- [Brief]: Reproduce the listing in its entirety. Do not reproduce the pictures.
Top of Available data
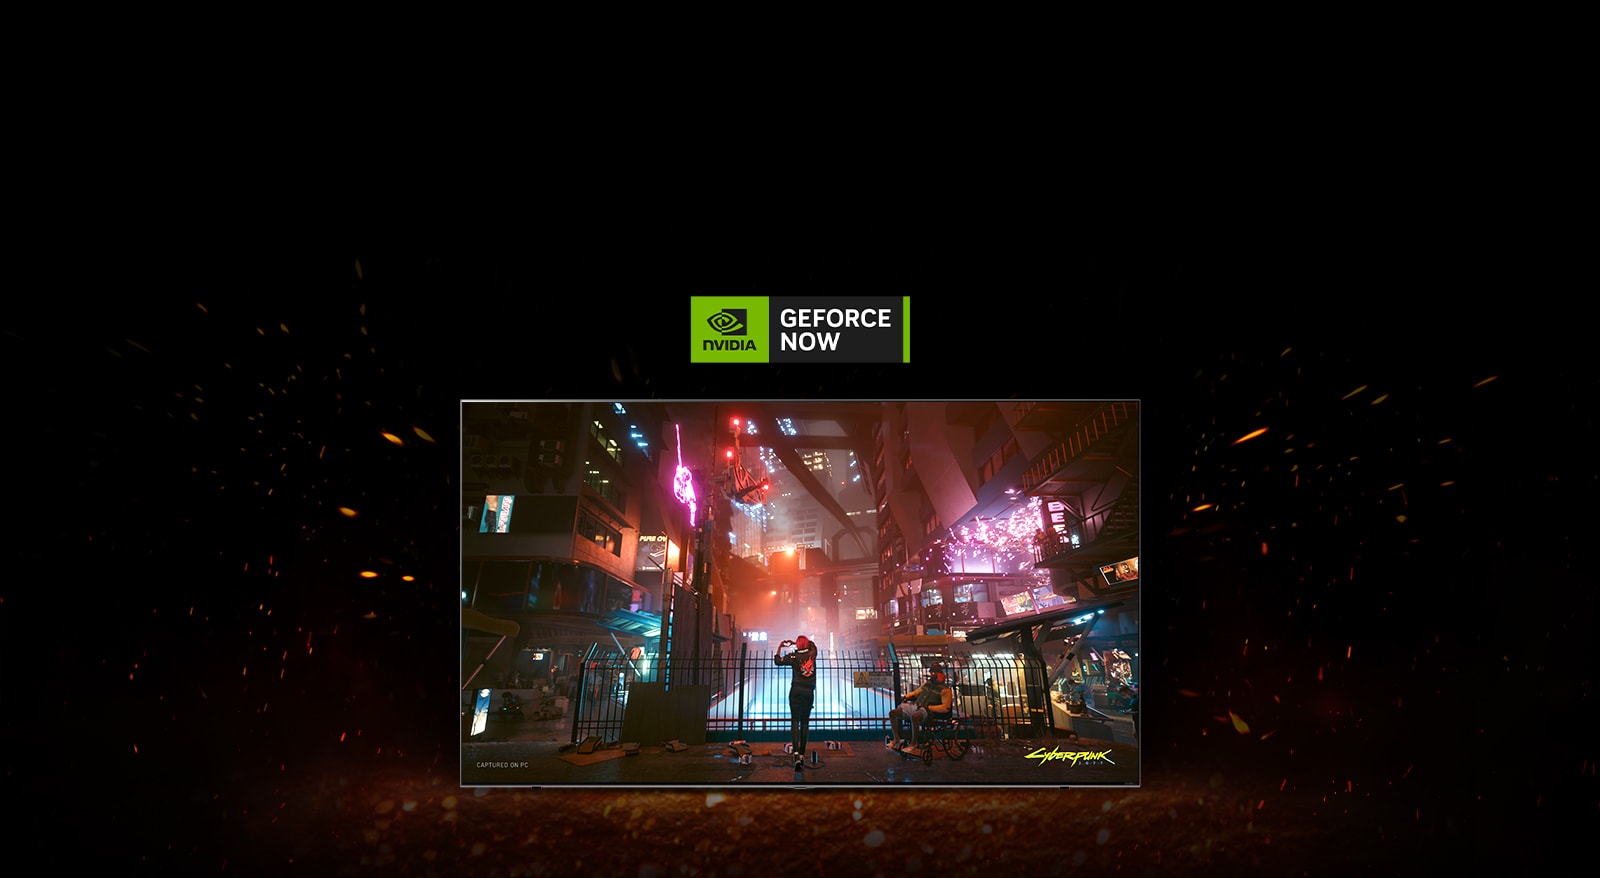 Plamen svjetluca oko TV-a i možete vidjeti na njemu zaslon igre Cyberpunk. Novi logo za GeForce Now nalazi se pri vrhu TV-a.
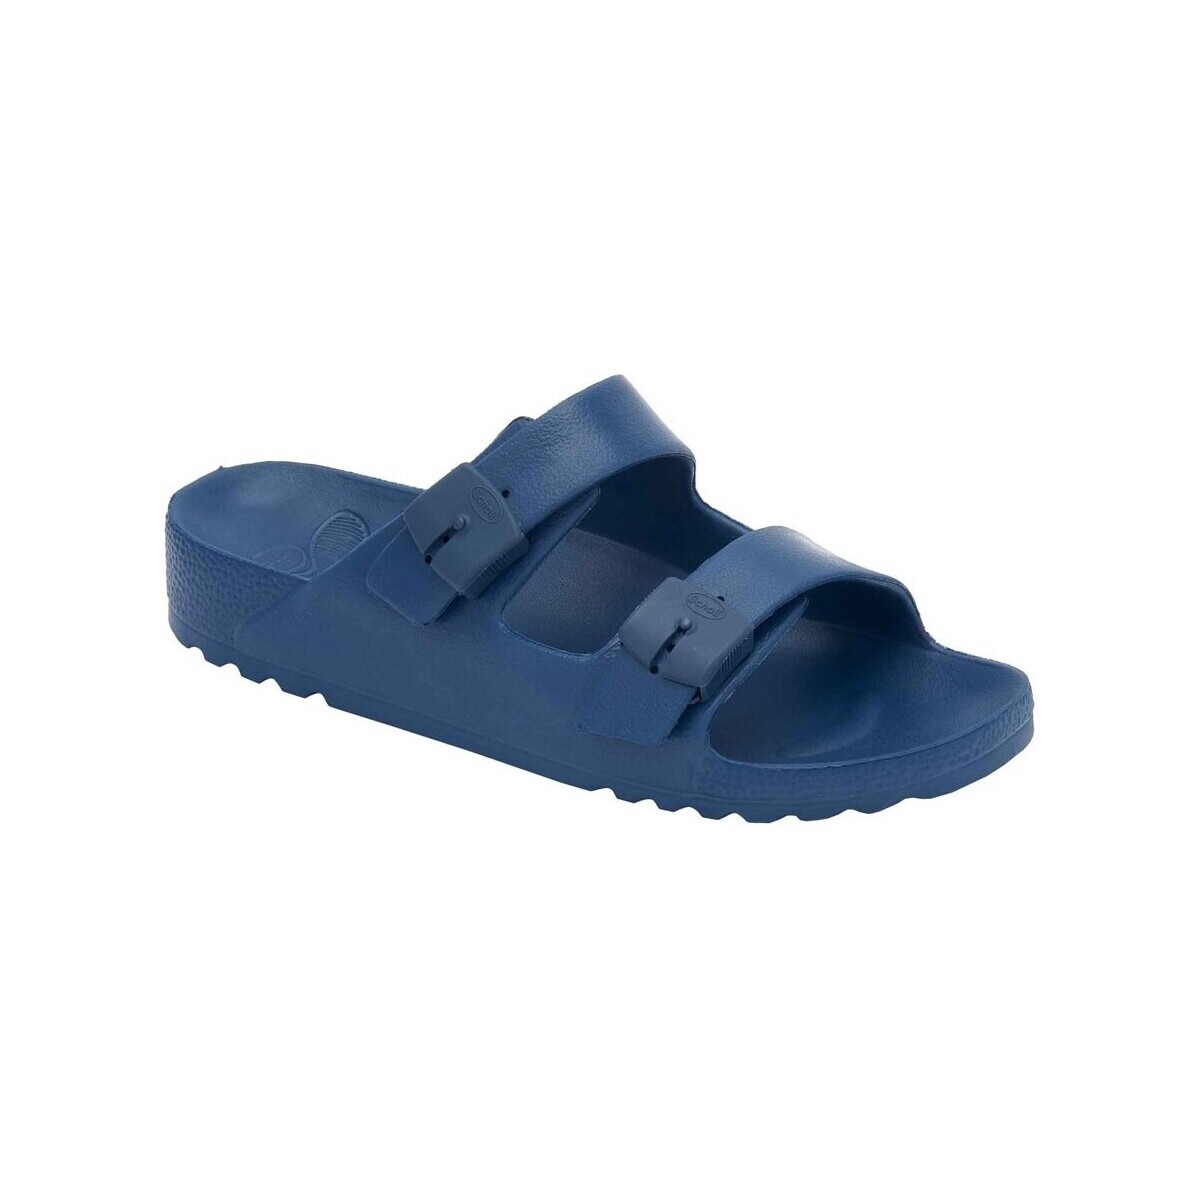 Pantofi Femei Sandale Scholl SANDALE  BAHIA albastru
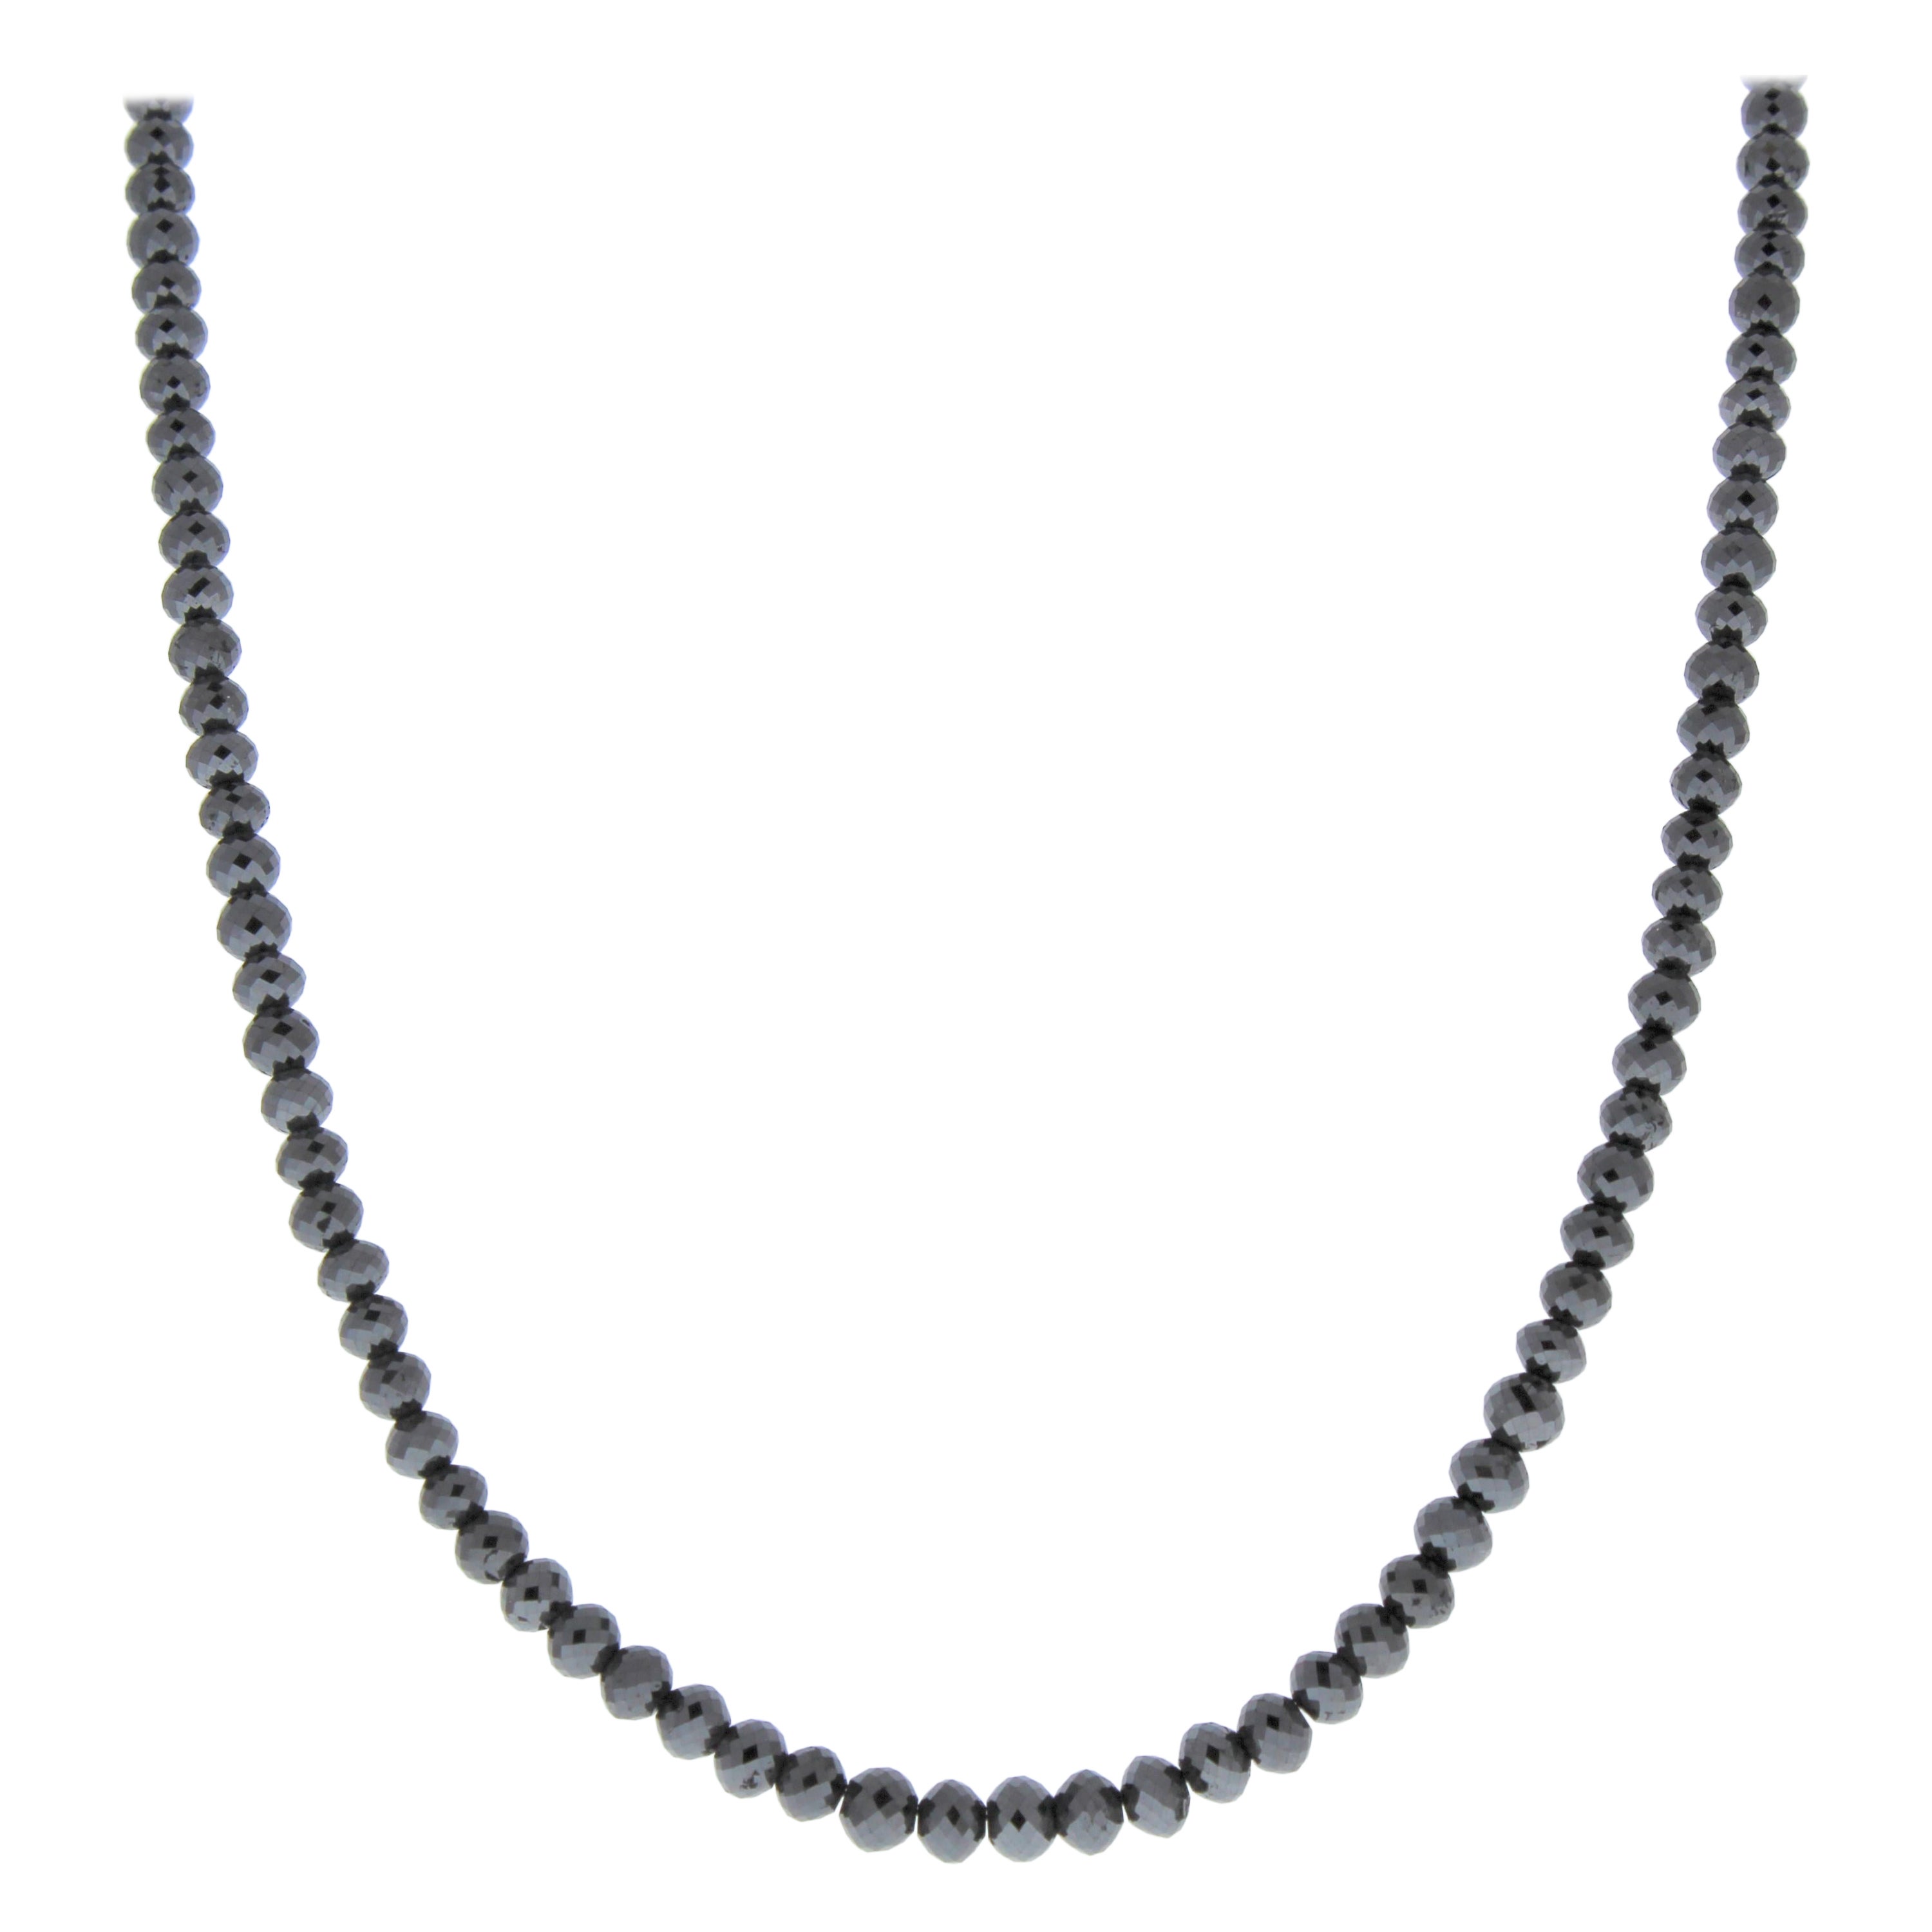 49.32CTW Black Faceted Briolette Diamond Bead Necklace
Bottom of Available data
- [Response to this exercise]:
 Plamen svjetluca oko TV-a i možete vidjeti na njemu zaslon igre Cyberpunk. Novi logo za GeForce Now nalazi se pri vrhu TV-a.
 Pantofi Femei Sandale Scholl SANDALE  BAHIA albastru
 49.32CTW Black Faceted Briolette Diamond Bead Necklace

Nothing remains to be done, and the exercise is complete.